Blacks have a good understanding that a strong immigrant community supports broad-based work opportunities, says Ravi Perry, director of ethnic studies at Clark University in Worcester, Mass. "There have always been some in the black and Hispanic communities who have felt they are in competition for jobs,” he says, but “I don’t see this eroding significant support for Obama in November.”

However, LeBon suggests that more basic issues will drive at least some black voters during such a difficult economic time. “They do not have the luxury of worrying about being inclusive,” she says.

Moreover, the policy shift on immigration is the second recent Obama decision that won't sit well with some African-Americans, says Professor Dunn. The first: gay marriage.
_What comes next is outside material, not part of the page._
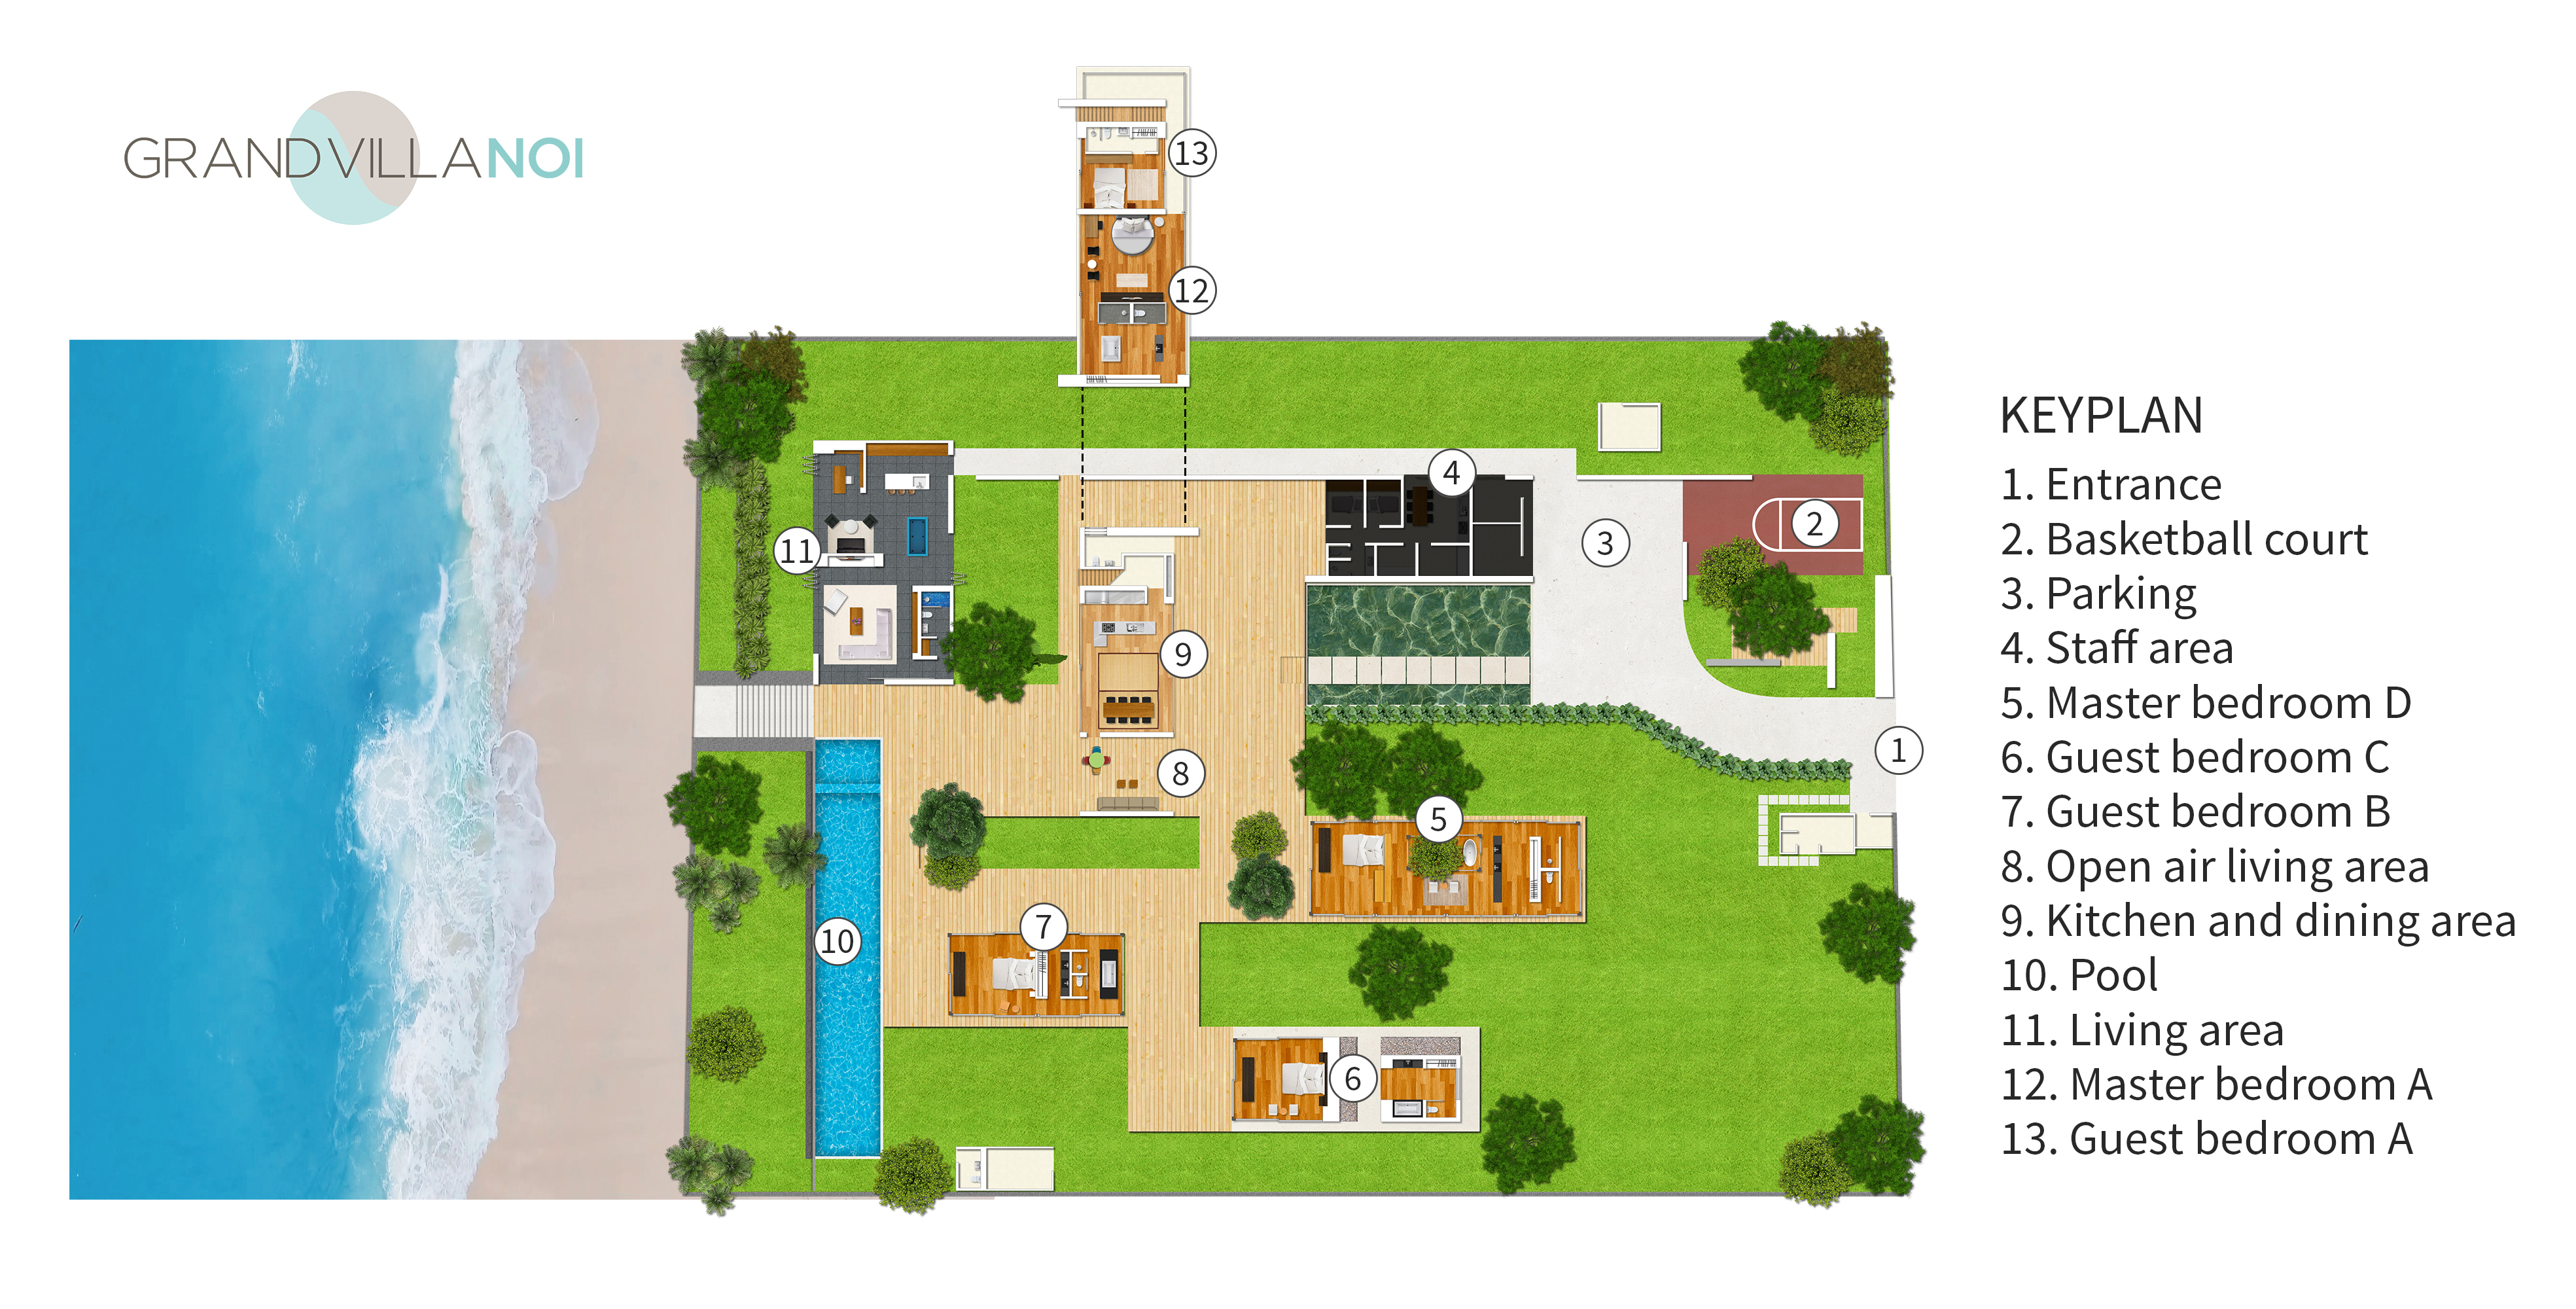 Grand Villa Noi - Floorplan

Obama’s decision to publicly announce support for gay marriage “has offended both African-American and Latino voters, who generally favor traditional marriage,” he says. African-American pastors of large churches have voiced discontent with the president's position, he says, and the Roman Catholic Church's adamant opposition hurts him with Latino voters, many of whom are Catholic, as well.

But the president is seen as a leader in the African-American community, and that standing will help him, says Natalie Davis, professor of political science at Birmingham Southern College in Birmingham, Ala. When Obama came out in favor of gay marriage, “comments were raised about backlash inside the black community that blacks would lose their enthusiasm because traditional marriage is part of the black culture.” Yet afterward, “numerous polls reported that support of gay marriage went up in the black community."

The same dynamic is likely on immigration reform. "He has a leadership role in the community," says Professor Davis, "and I seriously doubt that this will hurt him."